The growing shift to more reliance on renewable resources for electric generation in California has put nearly 10,000 MW of natural gas-fired generation sources in a state of flux for grid planners in the state.

At a time when federal and state regulators are calling for closer coordination between power grid and gas transmission pipeline operators, the job is getting more complex as evidenced by the latest 378-page draft transmission plan released last Thursday by the California Independent System Operator (CAISO) that included six special reliability studies, one of which was the analysis of possible gas generating plant retirements.

As part of planning scenarios, CAISO identified 9,659 MW of gas-fired generation that are at risk of retiring at a time when the state has moved up its goal for renewable-based power supplies to 50% by 2030, keeping its current goal of 33% renewables by 2020. The state ban on the use of seawater to cool coastal plants is part of what is driving the push for more gas plants to retire.

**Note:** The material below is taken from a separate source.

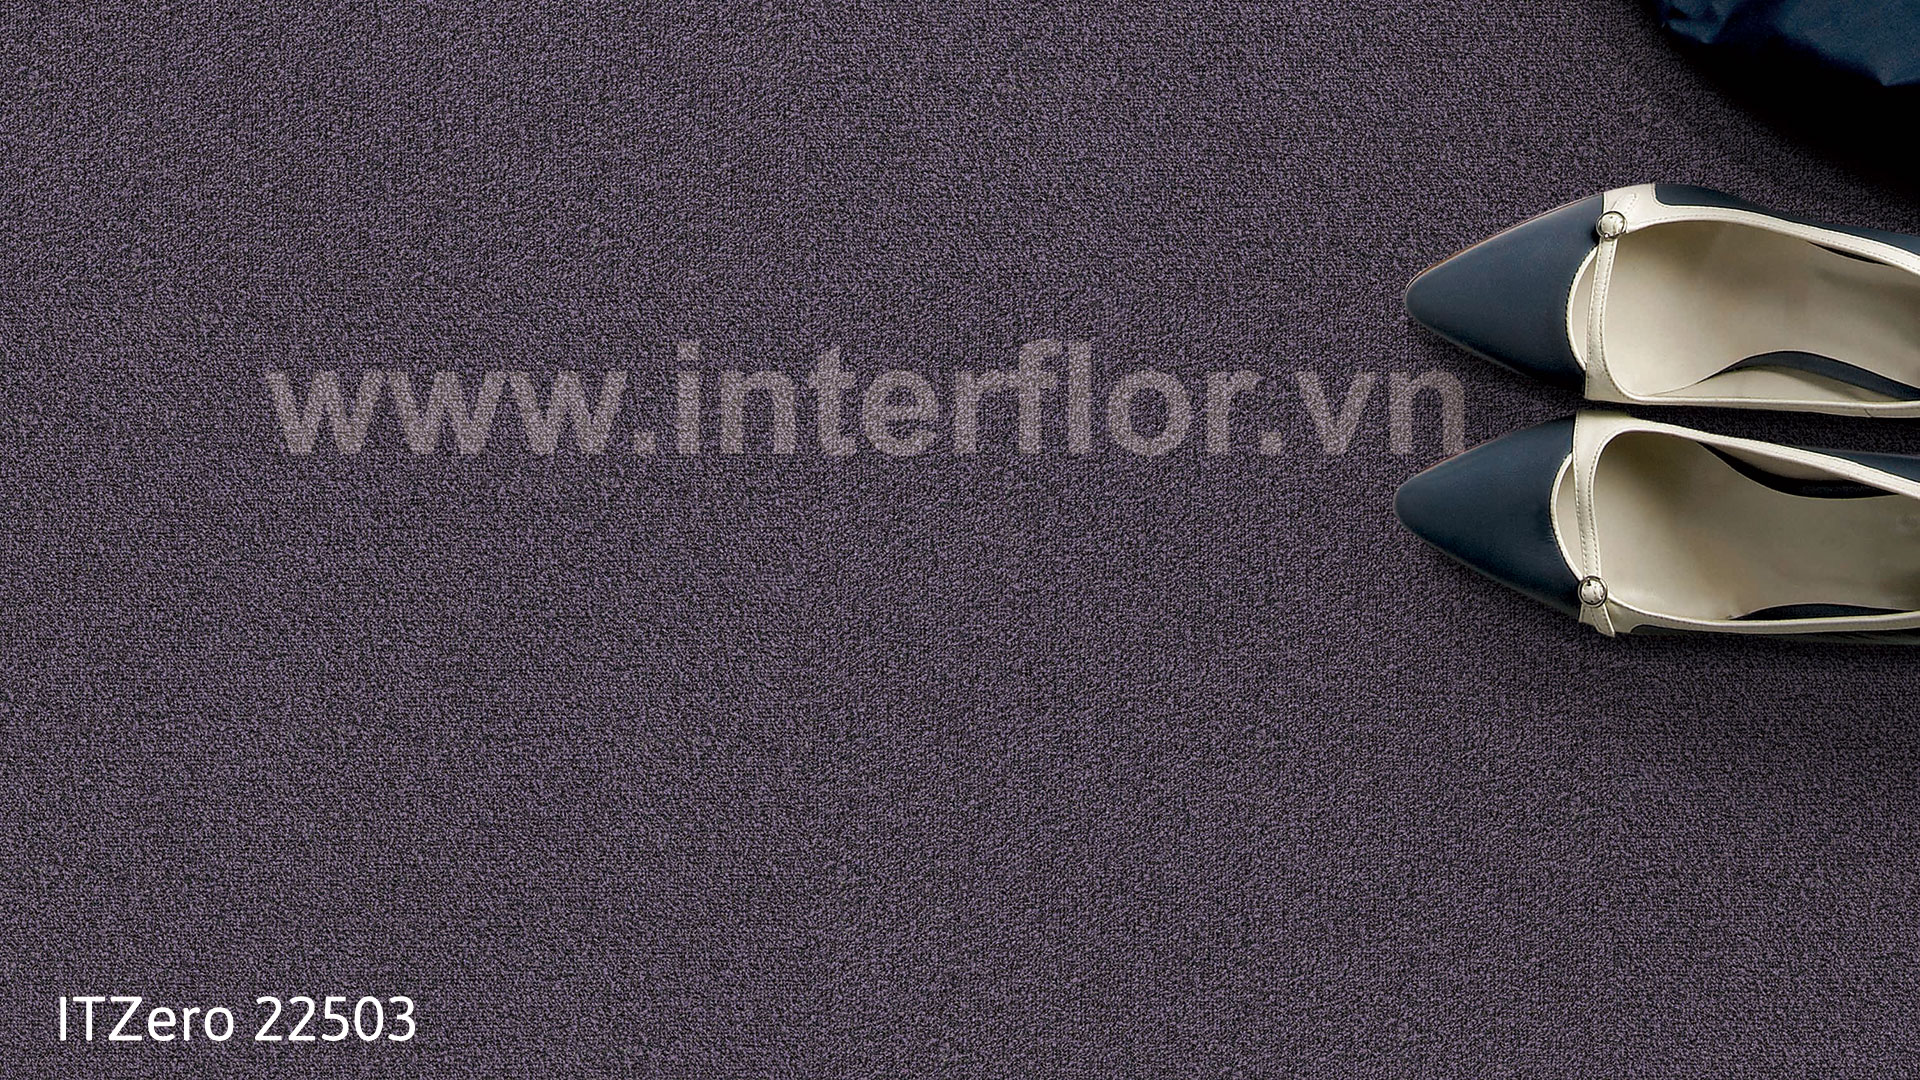 Thảm Interflor ITZero 22503

“The significant amount of new renewable generation being added to the grid is also putting economic pressure on the existing gas-fired generation fleet, especially for those generators not obtaining resource adequacy contracts,” the CAISO report said.

CAISO’s report was in response to this economic uncertainty for gas-fired generators, and it attempted to look at the potential grid reliability issues that could arise from certain plant retirements when certain ancillary services for the grid might be “unduly compromised” by the unfolding changes in the power generation economic landscape.

The report’s focus was on what CAISO analysts’ called “the evolution of the grid to meet a 50% renewable portfolio standard (RPS) by 2030.”

CAISO documents the changing day-to-day operations of both the power and gas grids, and the corresponding need for more flexible capacity in the state’s generation mix. As a result, “capacity insufficiencies occur in early evening after sunset, which is the new peak load time,” the CAISO report said.

These capacity insufficiencies in the grid operations will begin to emerge when retirements for gas generation reach the 4,000 to 6,000 MW range, according to the report, which was prepared with the help of stakeholder meetings held last year and in the first two months of 2017.

As part of the stakeholder feedback, CAISO said there is strong interest in the specials studies, and the grid operator now has “numerous comments” on how it eventually responds to the issues raised in gas plant retirement analysis. Where additional work is needed has been identified.